NJ school fires special ed teacher for complaining, suit says
🍎 A Bordentown special education teacher was fired last year
🍎 It was retaliation for 'whistleblowing' on understaffed classrooms, a lawsuit says
🍎 She was suspended after taking medical leave for stress and anxiety
BORDENTOWN — A fired special education teacher claims she lost her job for speaking out about her understaffed classroom and unqualified aides, according to a lawsuit.
Bryanna Mostak was fired from her job at Clara Barton Elementary School on Feb. 2, 2022. In Mostak's termination letter, Bordentown Regional Superintendent Trudy Atkins said that Mostak had exhibited a "pattern of disturbing conduct," according to a lawsuit filed earlier this month.
Mostak had been suspended two weeks earlier for "unprofessional" behavior. But the suit says that three days before her suspension Atkins had commended Mostak in a Jan. 18, 2022 report for her "patience" and her "consistent and caring approach."
The special education teacher claims that the quick change in heart from school administrators stemmed from her persistence in calling for better staffing. Atkins told New Jersey 101.5 the district does not comment on ongoing litigation.
Understaffed classroom, underqualified aides
According to the suit, Mostak first raised concerns about her classroom being understaffed in September 2021 toward the start of the new school year.
She said the class of seven students was required by law to have five adults as some of the students had "aggressive or violent tendencies." However, the class had only three adults including Mostak.
To address the shortage, another aide was assigned to the class. However, the aide required training and only worked two out of four weeks. In November 2021, the aide was replaced with another unqualified aide who had no training with special needs students and was seven months pregnant, making her unable to handle the physical aspects of the job, according to the lawsuit.
The complaint states that Mostak's coworkers became hostile and were angry that she reported the situation.
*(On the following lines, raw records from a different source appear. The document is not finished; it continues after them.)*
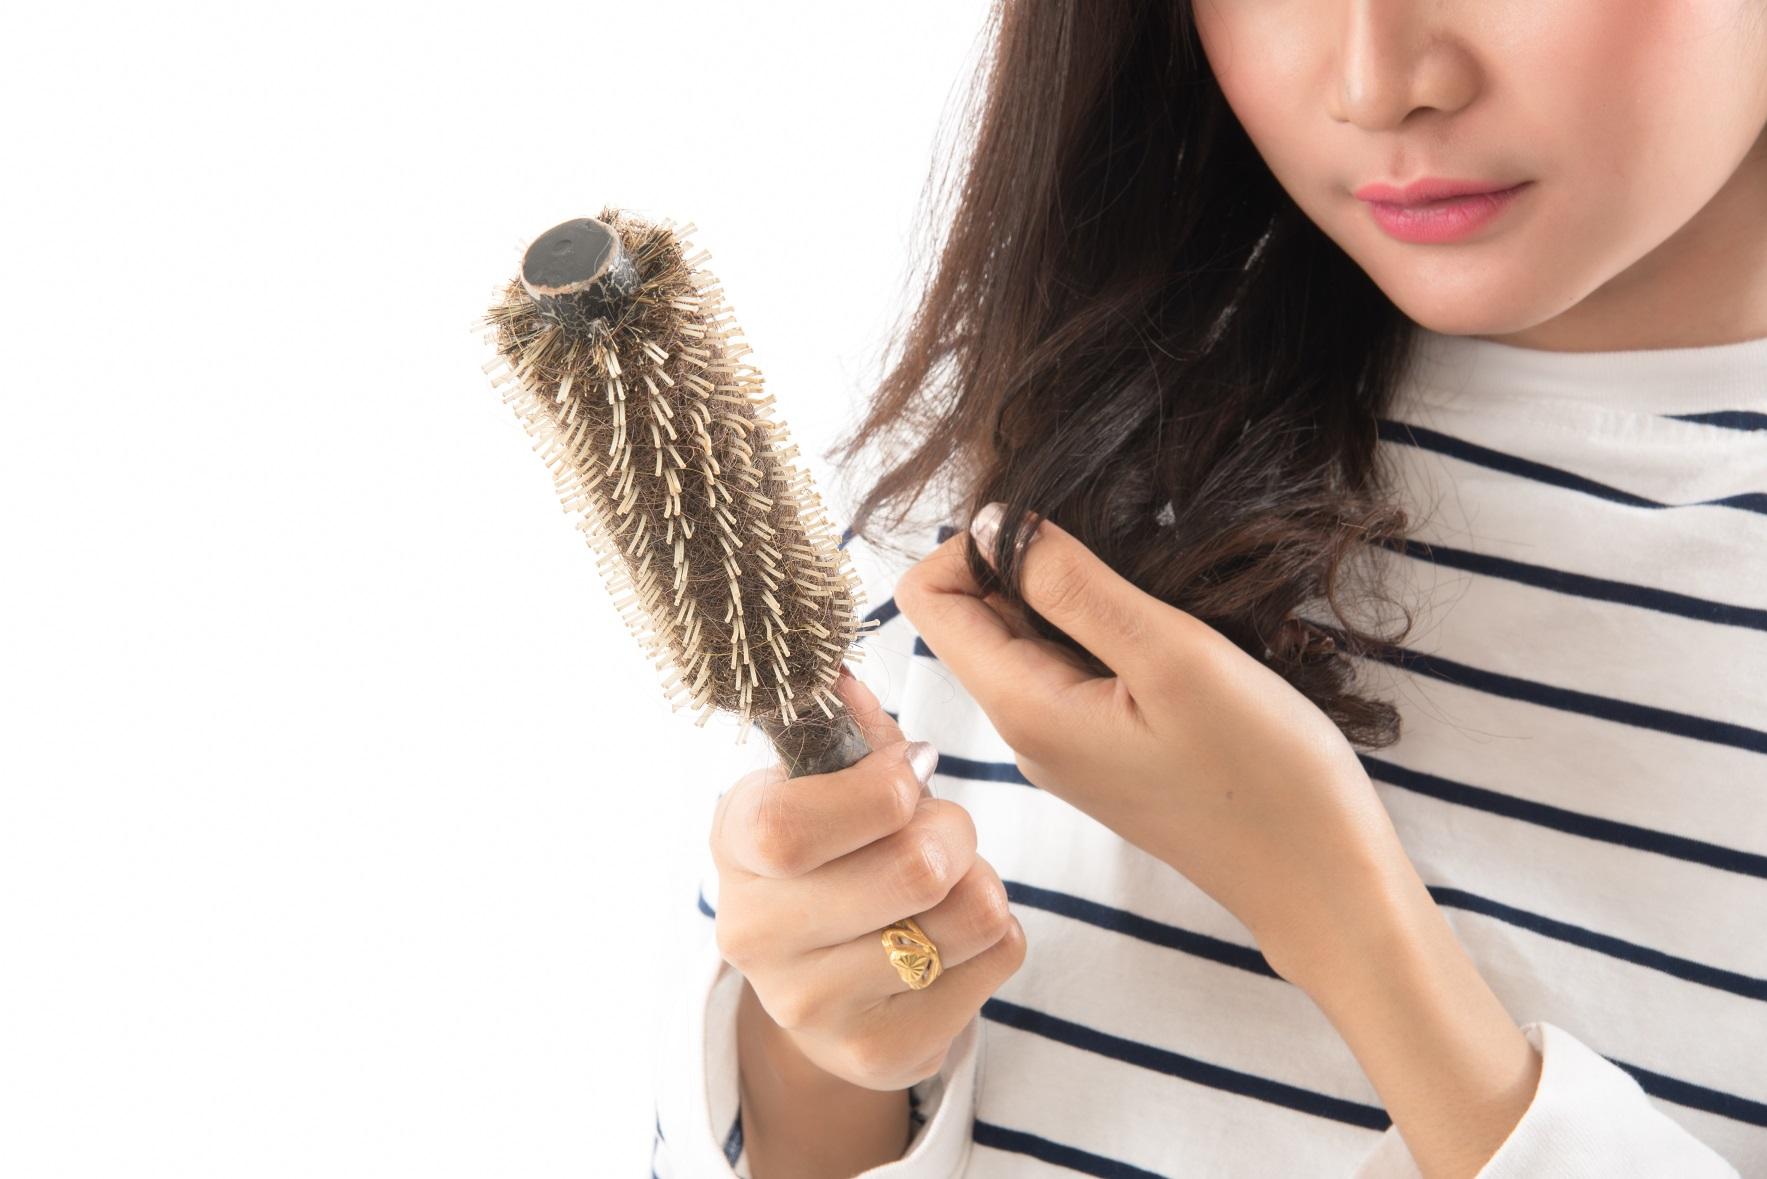 Muốn tóc mọc nhiều và khỏe, phải kích thích đúng chỗ! 1
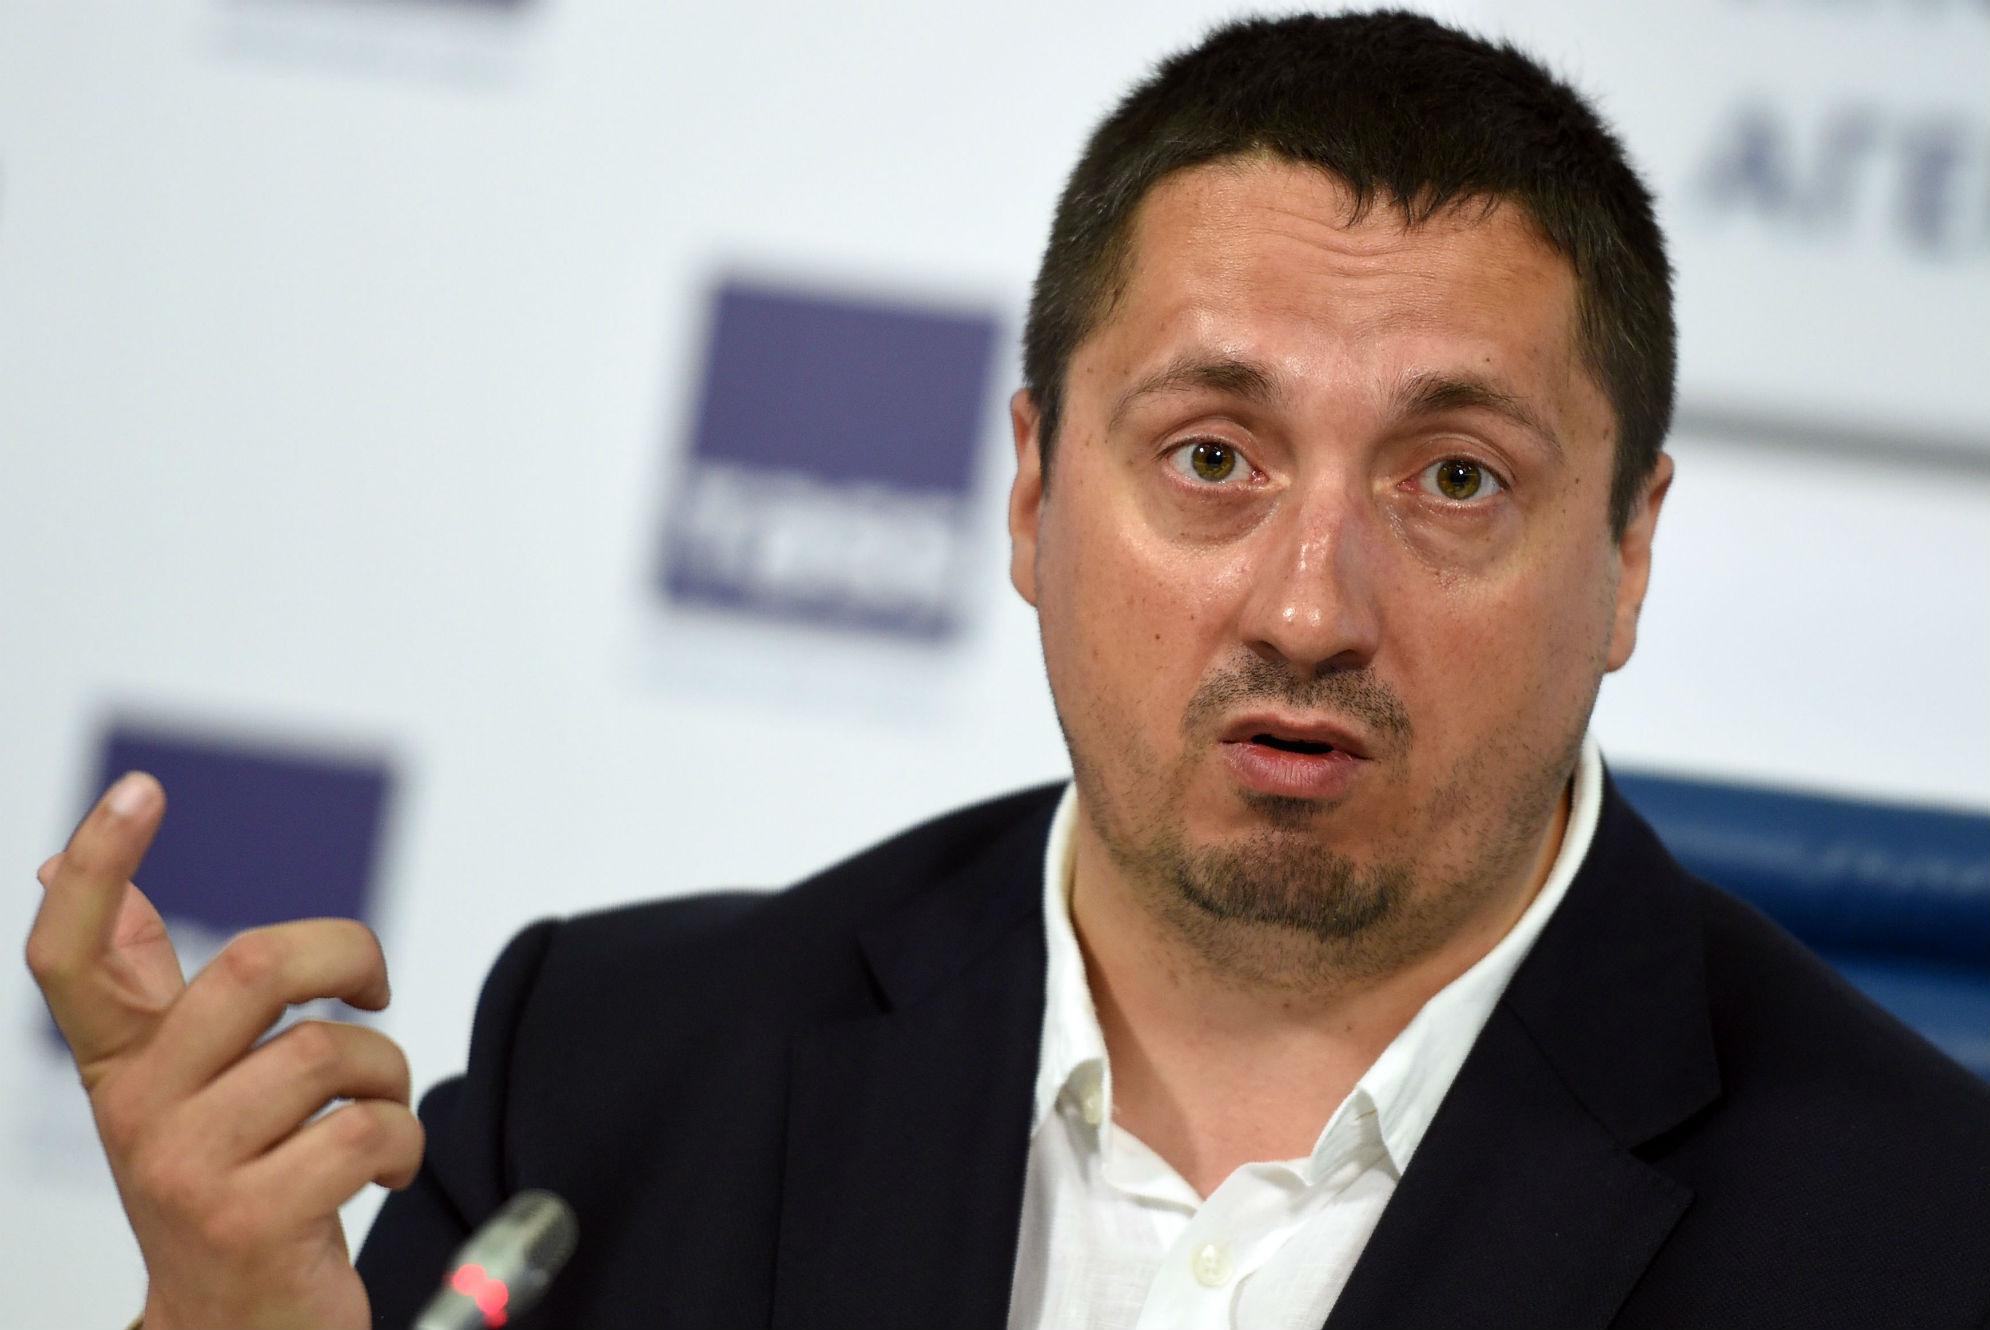 Alexander Shprygin Russian fan group leader
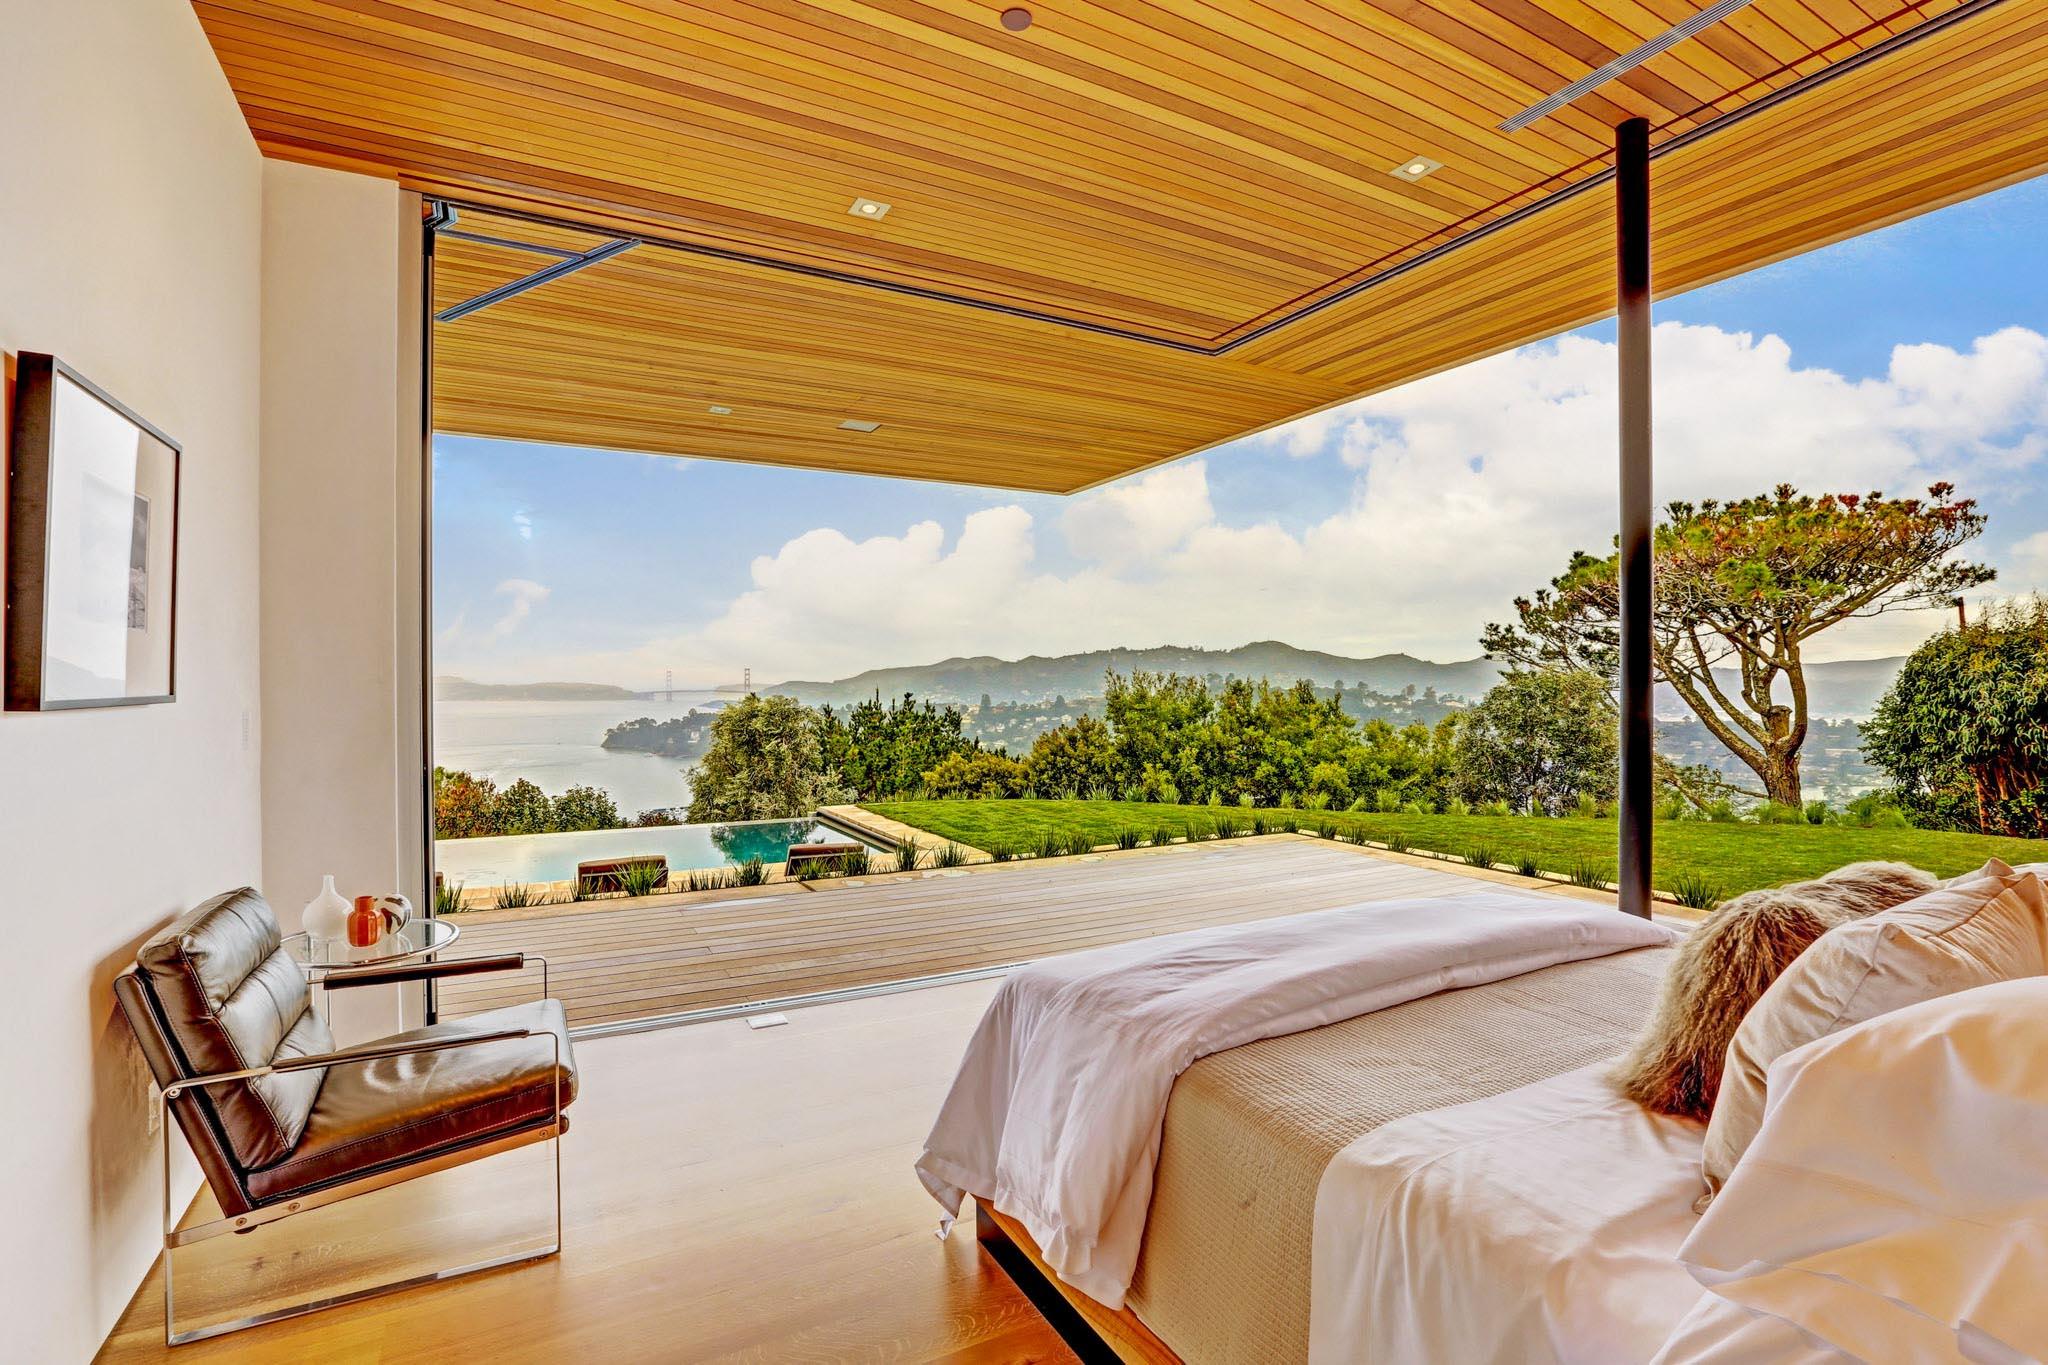 indoor/outdoor bedroom with open corner sliding glass wall

In December 2021, Mostak took medical leave for the stress caused by what the suit calls a hostile work environment.
Upon her return, she complained several times about the situation to her supervisor, the principal, and the district superintendent. Instead of addressing the classroom's needs, Mostak was suspended, the suit said. She was fired soon after.
The lawsuit seeks Mostak's reinstatement, lost wages, attorney costs, and damages.